It’s so much fun to nitpick: Star Trek Into Darkness

Ah, nitpicking. It’s so much fun. Especially for movies that put a premium on action over story, like Star Trek Into Darkness.

(Warning: what follows contains spoilers.)

Don’t get me wrong — I thoroughly enjoyed STID. (Wait, that’s looks like STD. Never mind.) I’ll probably see it again. I think J.J. Abrams is a good director on his way to being great as soon as he finds writing partners equal to his talent at constructing action sequences.

But there are some things in Darkness that cried out for a little more care in the writing, and I think they could have been fixed without sacrificing the summer action movie pace Paramount demands of Abrams for the rebooted Trek franchise.

Right off the bat, we have the Enterprise hiding underwater to avoid being seen. Um, okay… so staying in orbit was out of the question? And to beam up Spock meant they had to come up out of the water to get “line of sight” on him? It would have been possible to get “line of sight” on Spock in the volcano from orbit… although that would have killed the shot Abrams wanted to get of the massive Enterprise coming up out of the ocean.

Easy fix: offer an explanation for why orbit wasn’t an option. It could have been a two-second line of dialogue.

Speaking of Spock in the volcano, are we really supposed to believe that his suit can withstand the heat, but the shuttle couldn’t? Easy fix: explain that particles in the volcano would have fouled the shuttle’s ability to fly or hover. A two-second line of dialogue. They wasted those two seconds telling us the shuttle couldn’t take the volcano heat, which makes no sense if Spock’s suit can.
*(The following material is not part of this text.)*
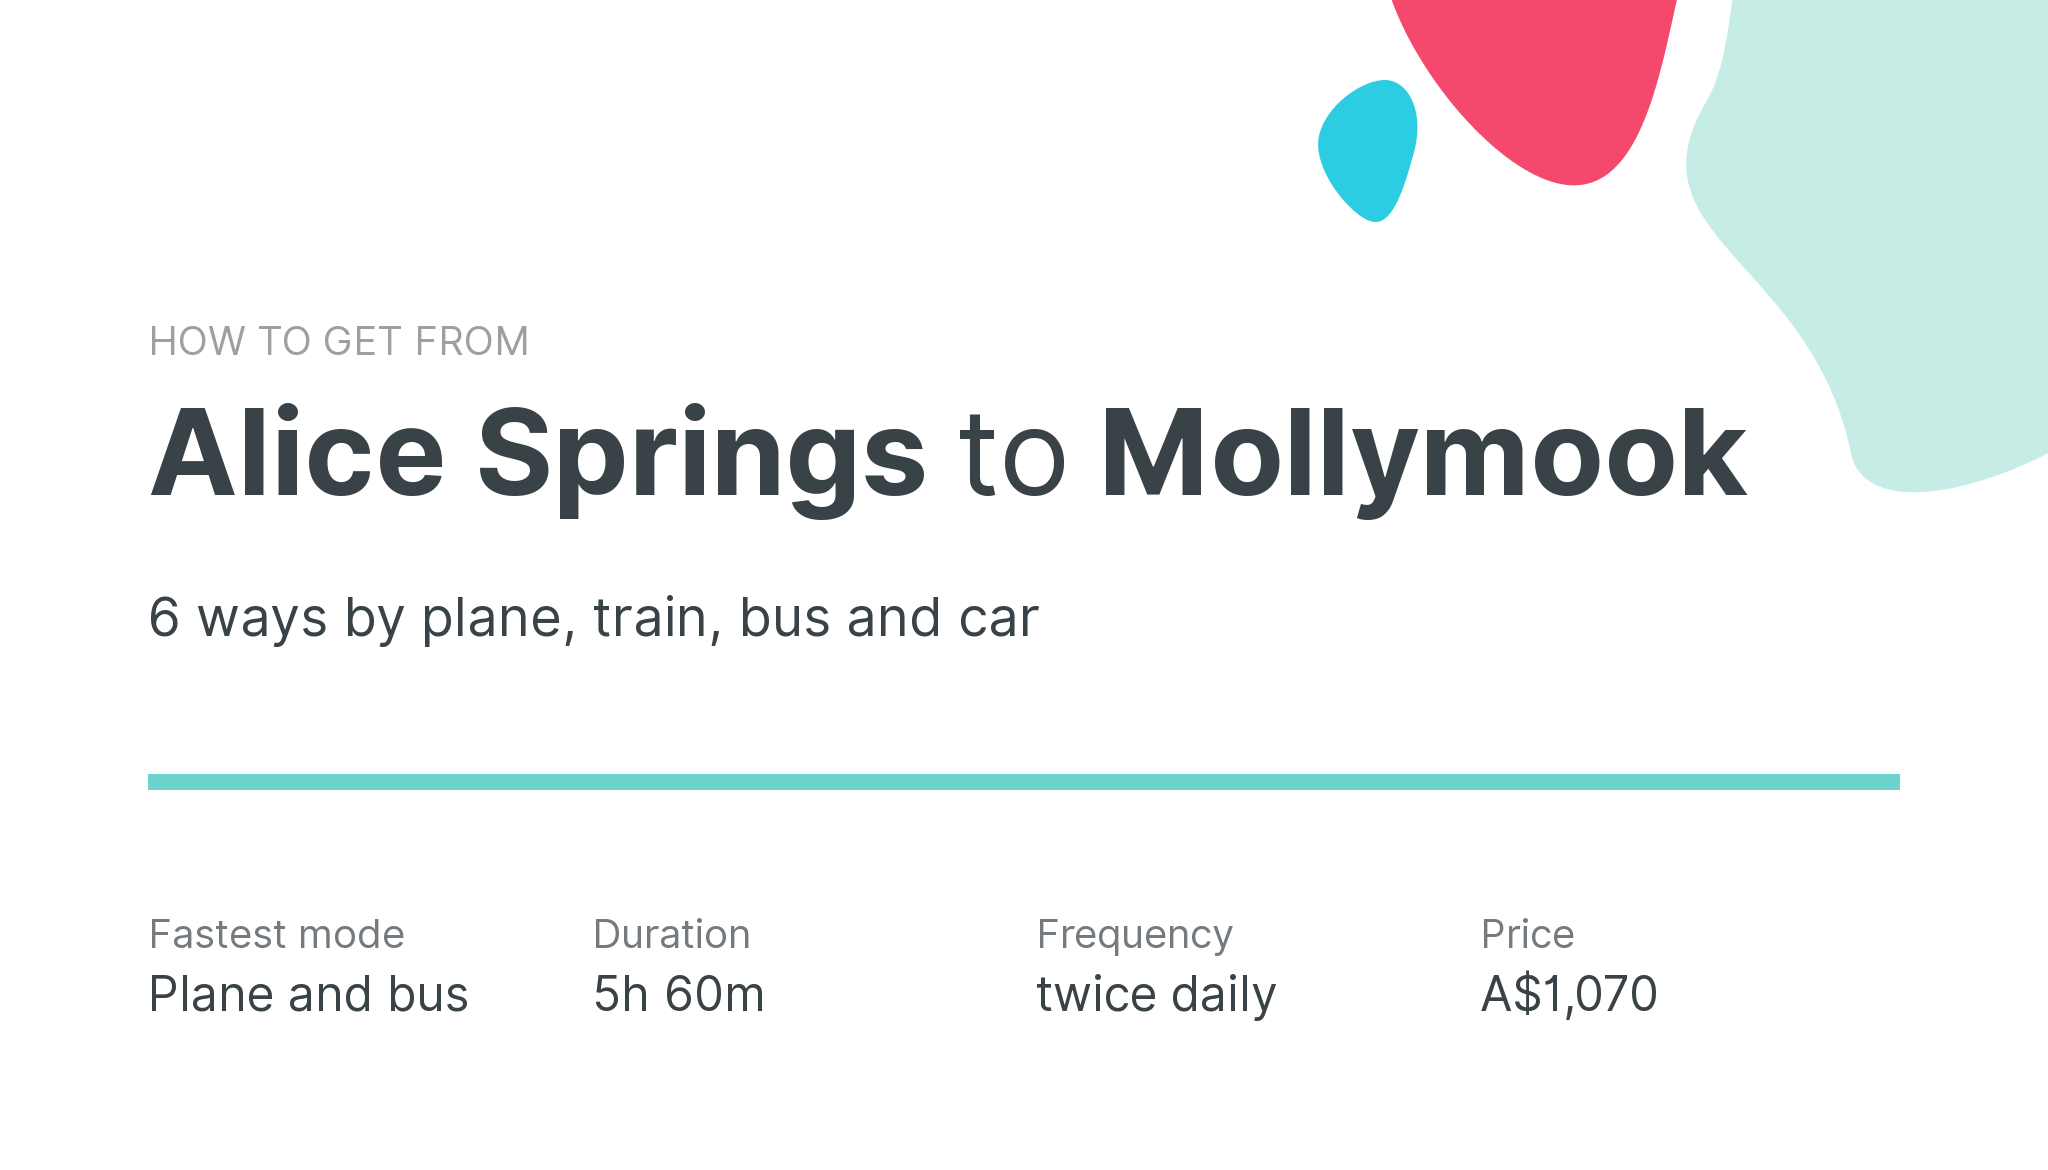 How do I get from Alice Springs to Mollymook

I’m not going to bog this article down with trying to explain the problems with Khan’s overly-complicated and nonsensical plan, not that we ever got a clear idea of what he was hoping to accomplish. But this seems to be an Abrams eccentricity with all his villains.

Towards the end, we have Spock beating Khan senseless, except, not. Khan takes the beating because of his enhanced, genetically-engineered strength. Then Uhura appears and stuns Khan repeatedly and he doesn’t go down — because of his genetically-engineered strength. Except that earlier Scotty dropped him on Kirk’s order with one stun blast.

Easy fix: Make it clearer that Khan faked being put down by Scotty’s phaser blast because it was part of his already overly-complicated plan. See how easy?

Then there’s Khan’s blood being used to bring people (and tribbles) back to life. So does this mean that now when someone dies they just need to grab some Khan blood to bring them back? Now the Federation has a miracle cure and no one ever has to die or be sick? So why didn’t they use Khan’s blood to bring back some of the other crewmen who died? Is it too late to bring Admiral Pike back?

Speaking of which, why only Khan’s blood to save Kirk? Didn’t they have 72 canisters with more of these genetically-engineered supermen and women waiting around in suspended animation? Doesn’t their blood work too?

Lazy storytelling, that’s all it is. Granted, you don’t want to slow down the summer action with too much exposition, but in these cases I think spending an extra few minutes on thinking through the plot could have fixed these WITHOUT sacrificing the breakneck pace.

But I’m a nitpicker. Can’t help it.

P.S. Hollywood, I’m available to nitpick your scripts. Low rates and easy availability.